Excellent suggestion. I think this applies to making comments on blogs, as well. If you don’t like what the blogger writes, the best thing is to stop visiting the blog. Contradicting and correcting other bloggers is mostly about ego and is a waste of time. Thanks for the tip!
I don’t really get this type of email, but I do agree that its a waste of time replying.
However, you could set up some canned responses in Gmail pretty easily, and I think you can even automate them for certain filters. For example, you could filter any that mention credit card charges and automatically send them that email you wrote.
I think this would be particularly useful for bloggers that receive a lot of complimentary emails, because as a reader, it takes extra effort to send the email and not getting any response from a “favorite blogger” can be disheartening.

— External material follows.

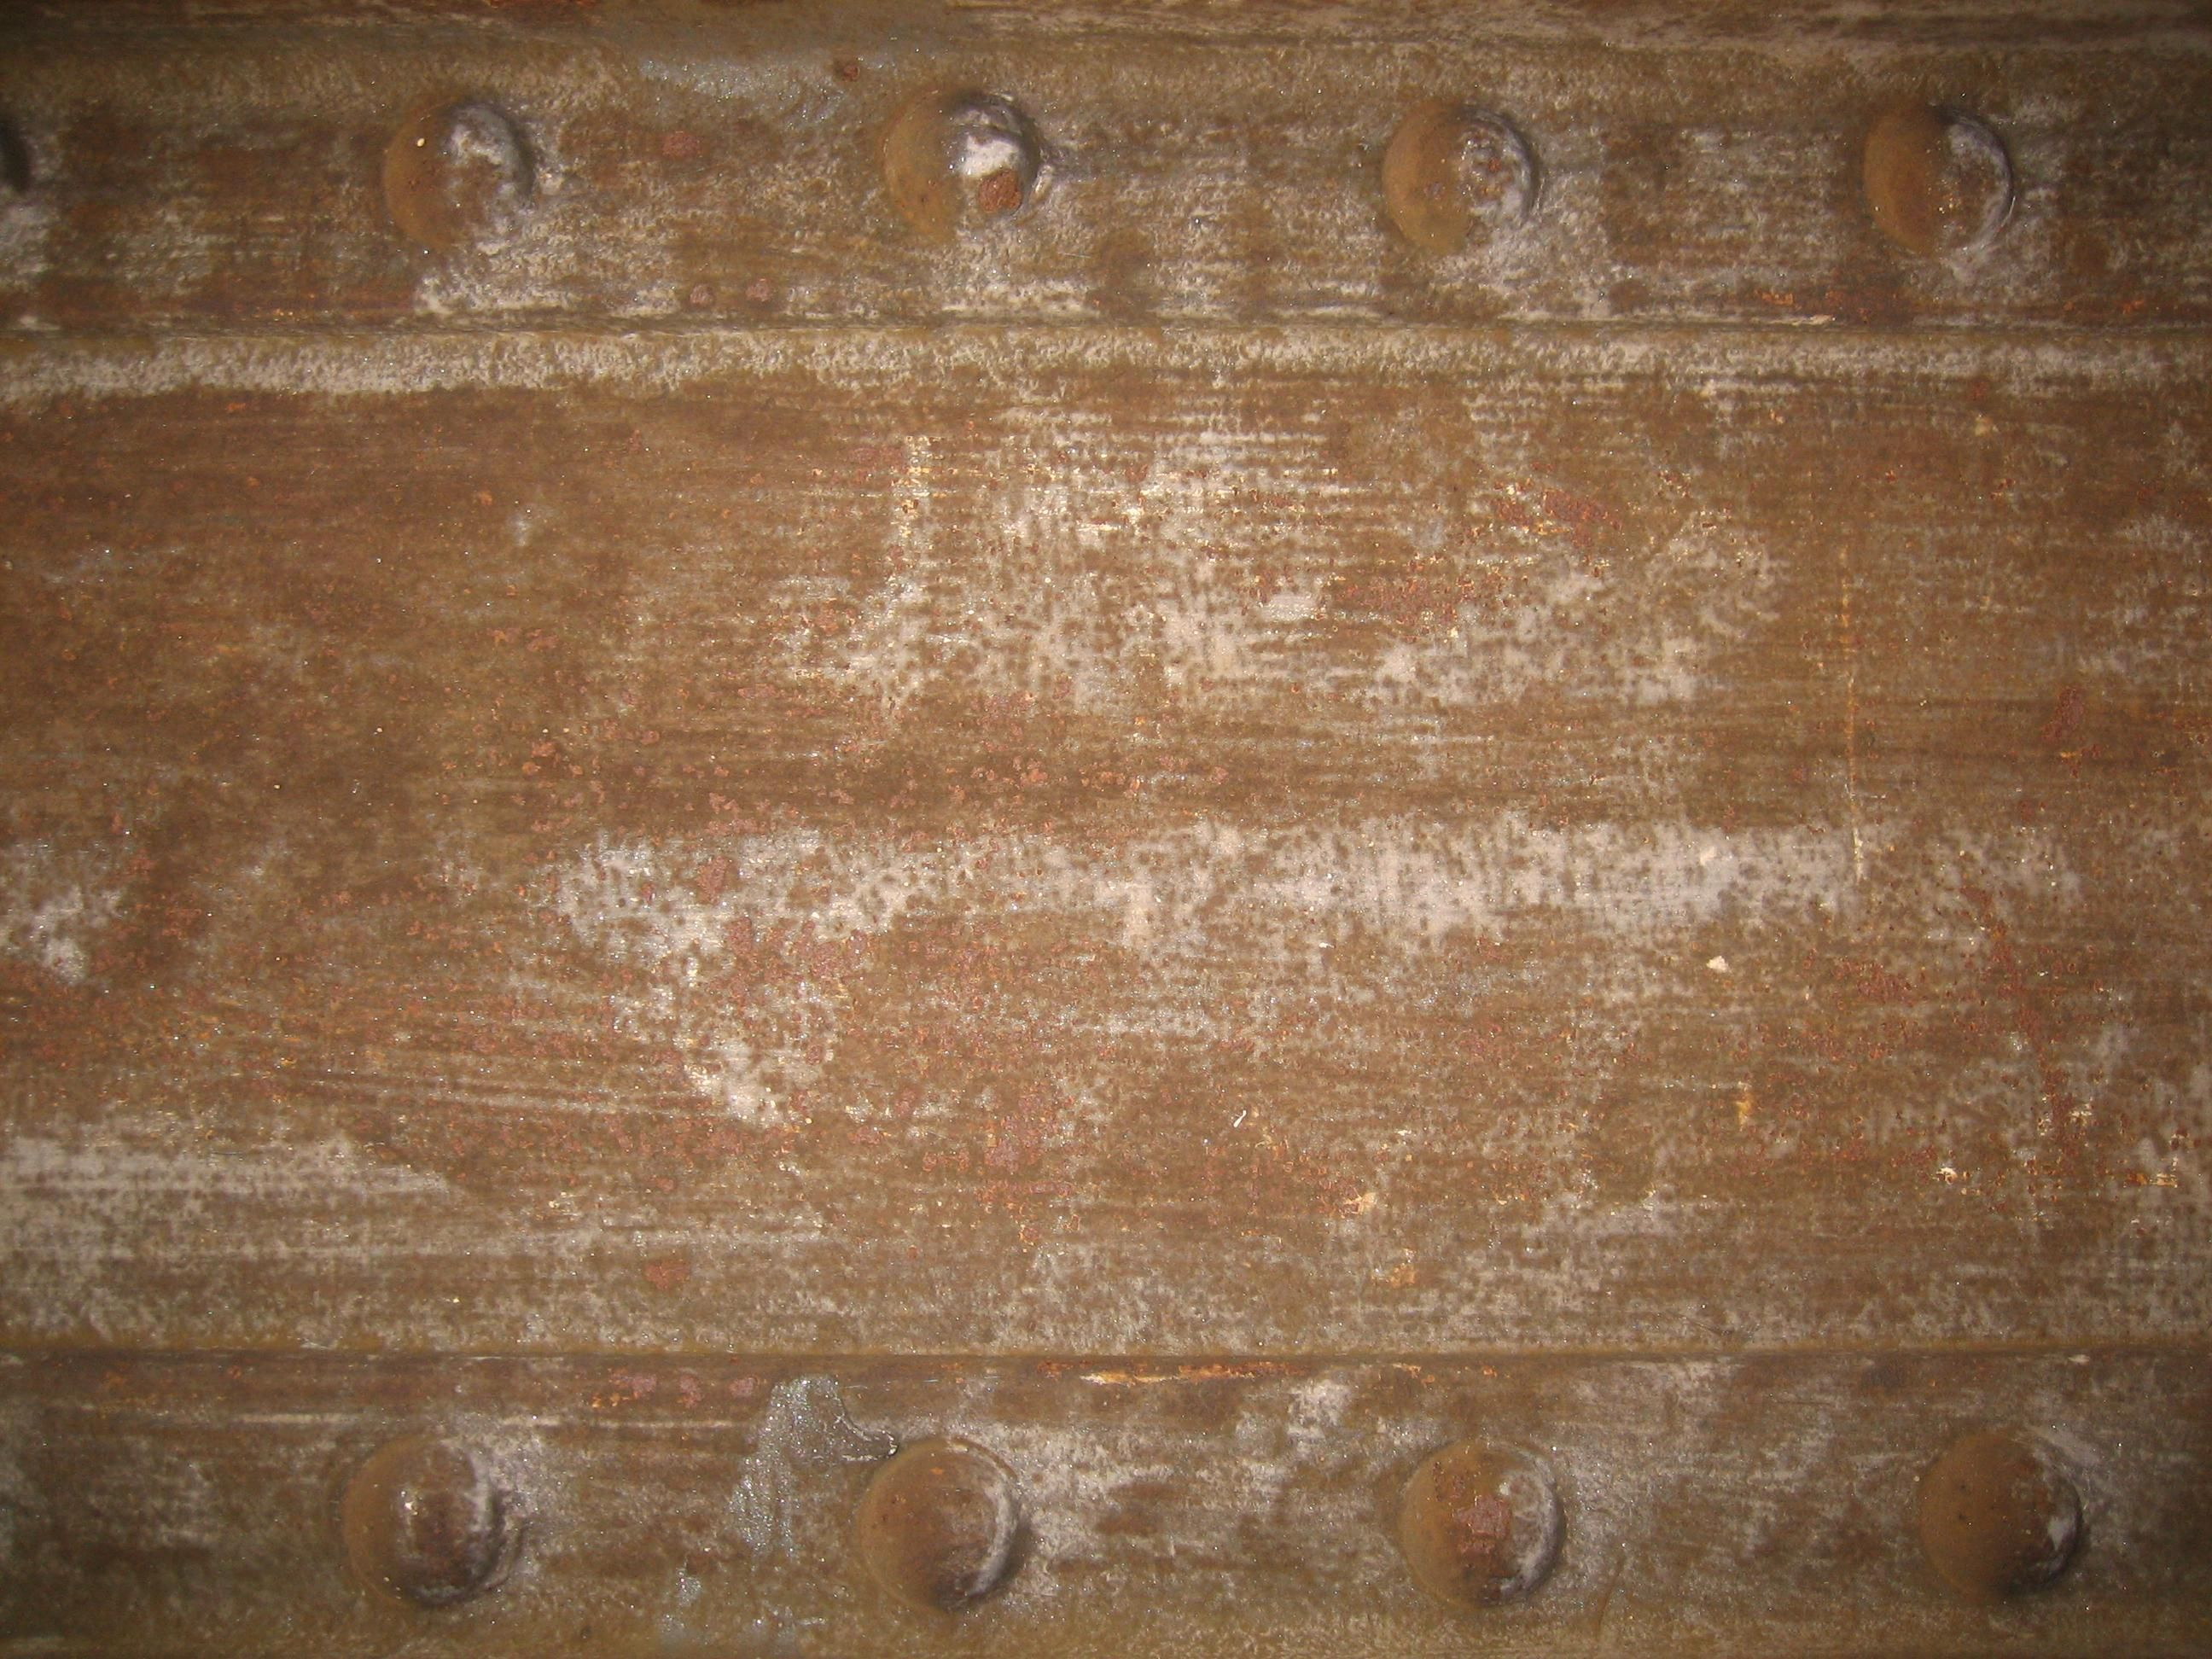 Rusty Iron Texture Kostenlose Bild: alt, ...

yes, I just woke up this morning to 40 spam comments on my blog. Drives me mad. your immediate thought is “wow that ‘s a lot of comments” and are just as quickly put right back in your place when you realise each one tells you how great your blog is but doesn’t explain why…
Still, visitors to my blog are thin on the ground so at least someone (even an automated system!) is looking.
I think it is best to just ignore such email because it might just be a scam to trick for a reply. In some cases, they just spam every emails or website they can find just for a response. Base on the response or reply, they will try to check if any of them worth follow up for a scam. I normally categorize these email together with the scam emails which asking for verification of bank account, PayPal, ebay and any accusation they proclaim.